Collected data —
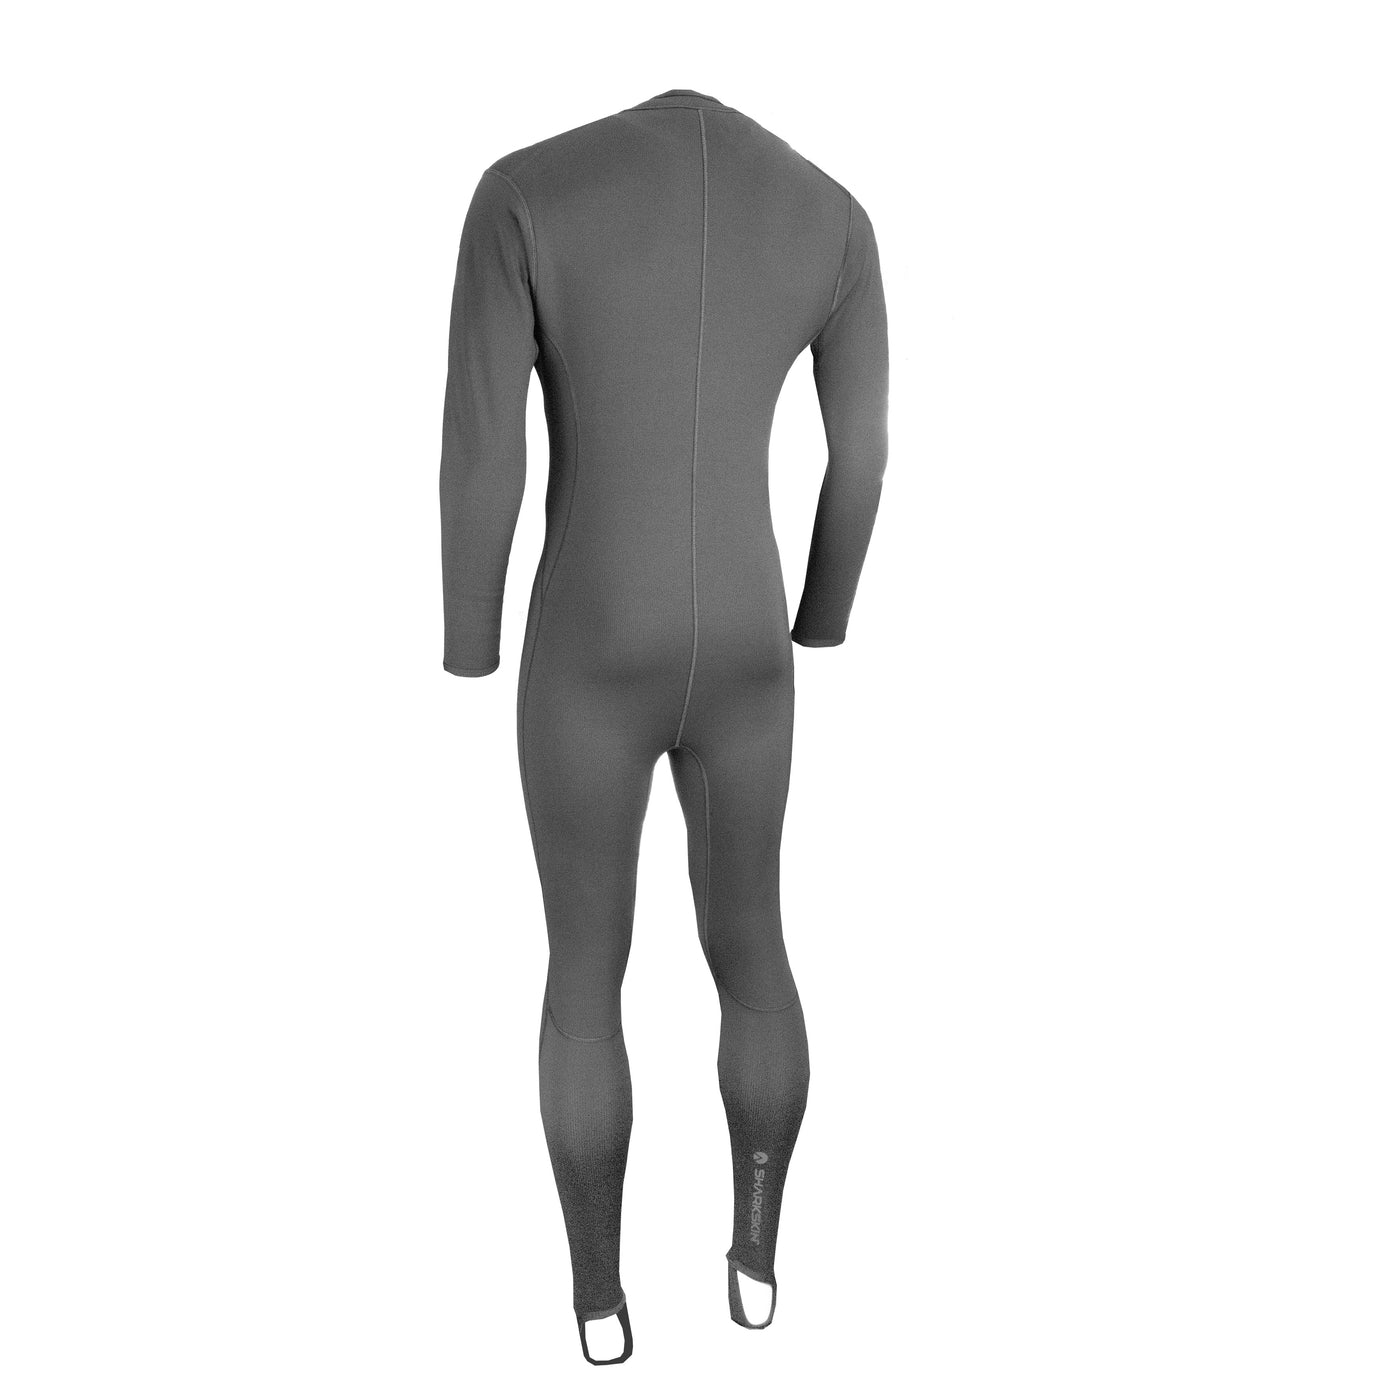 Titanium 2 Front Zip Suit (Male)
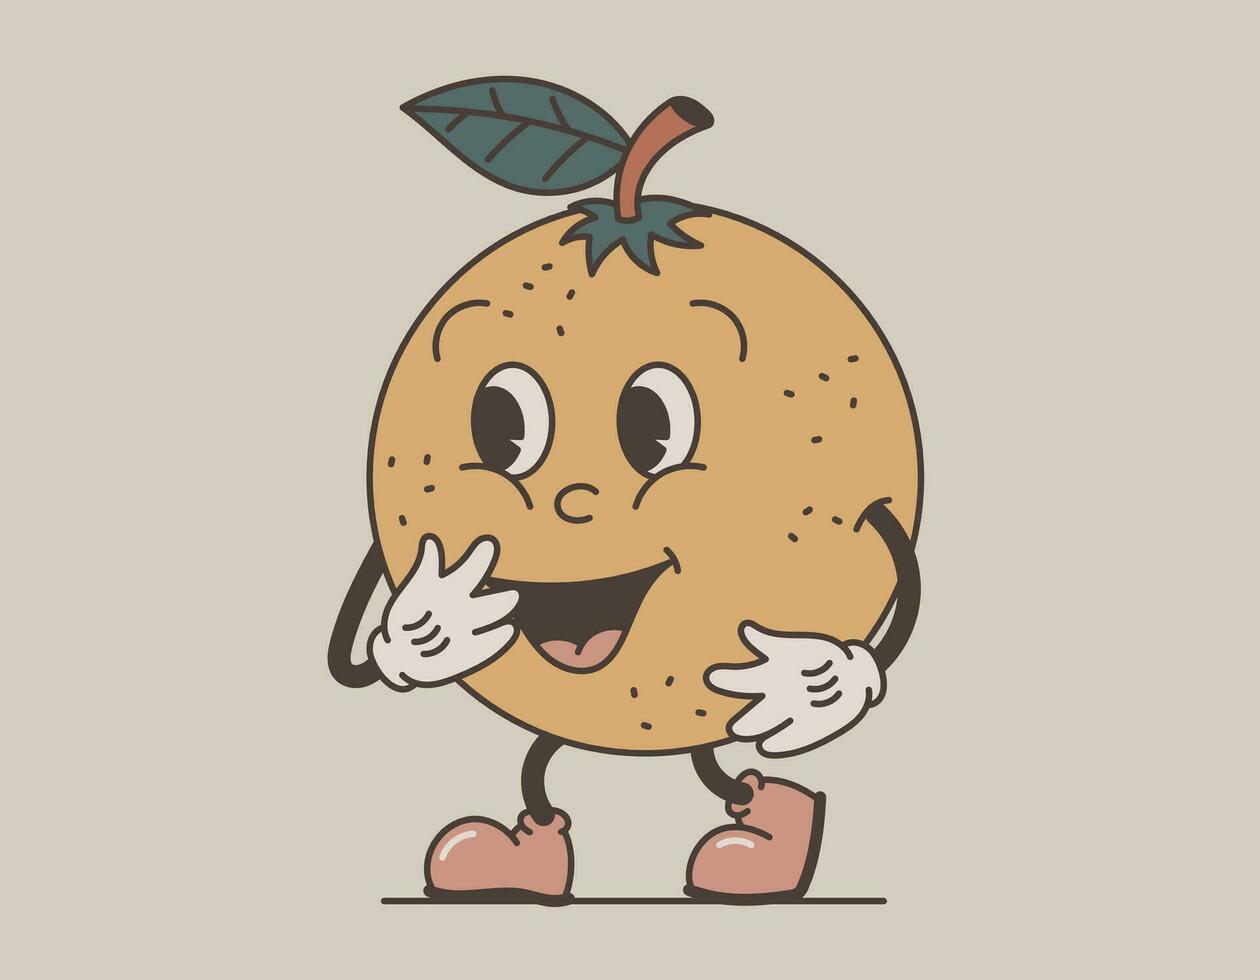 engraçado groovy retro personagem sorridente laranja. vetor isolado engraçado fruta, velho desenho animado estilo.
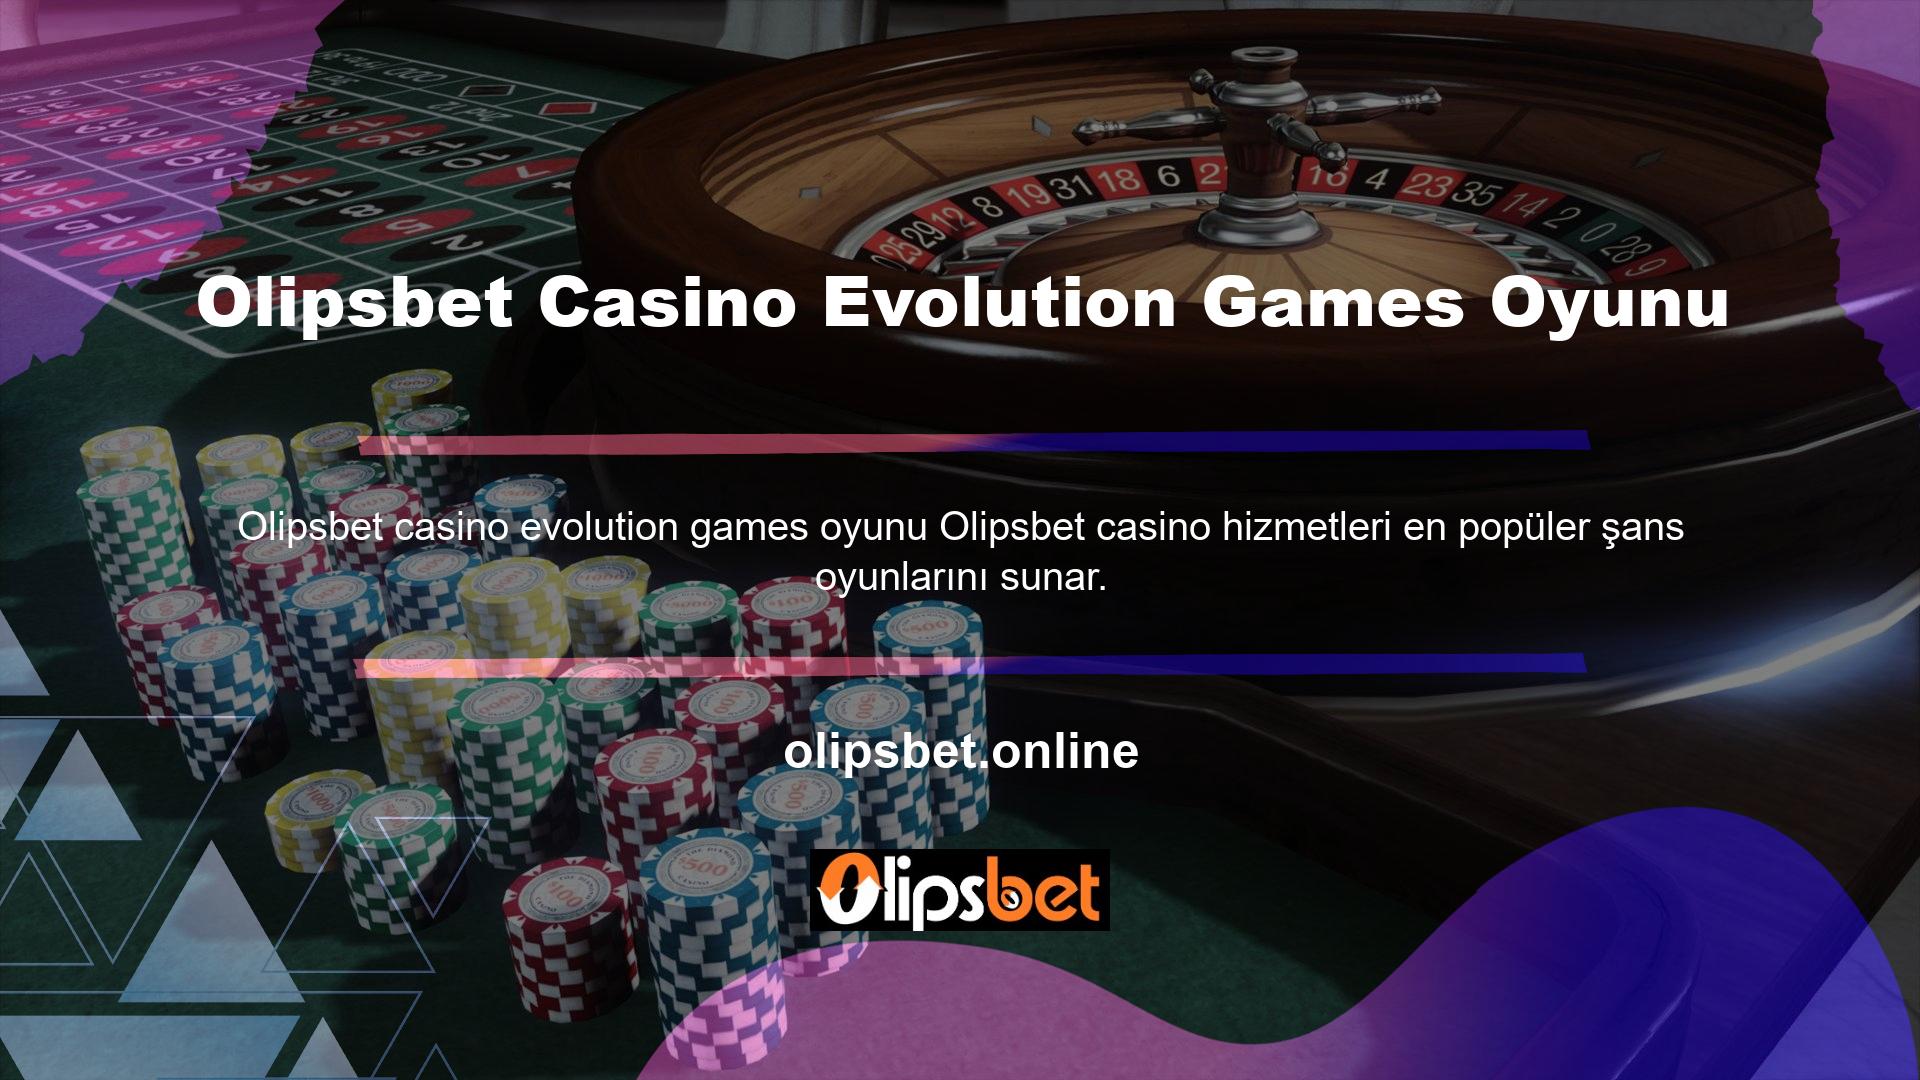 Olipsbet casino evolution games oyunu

Task statement — The entire listing above, minus its pictures, should be copied out exactly.

Response box —
 Titanium 2 Front Zip Suit (Male)
 engraçado groovy retro personagem sorridente laranja. vetor isolado engraçado fruta, velho desenho animado estilo.
 Olipsbet casino evolution games oyunu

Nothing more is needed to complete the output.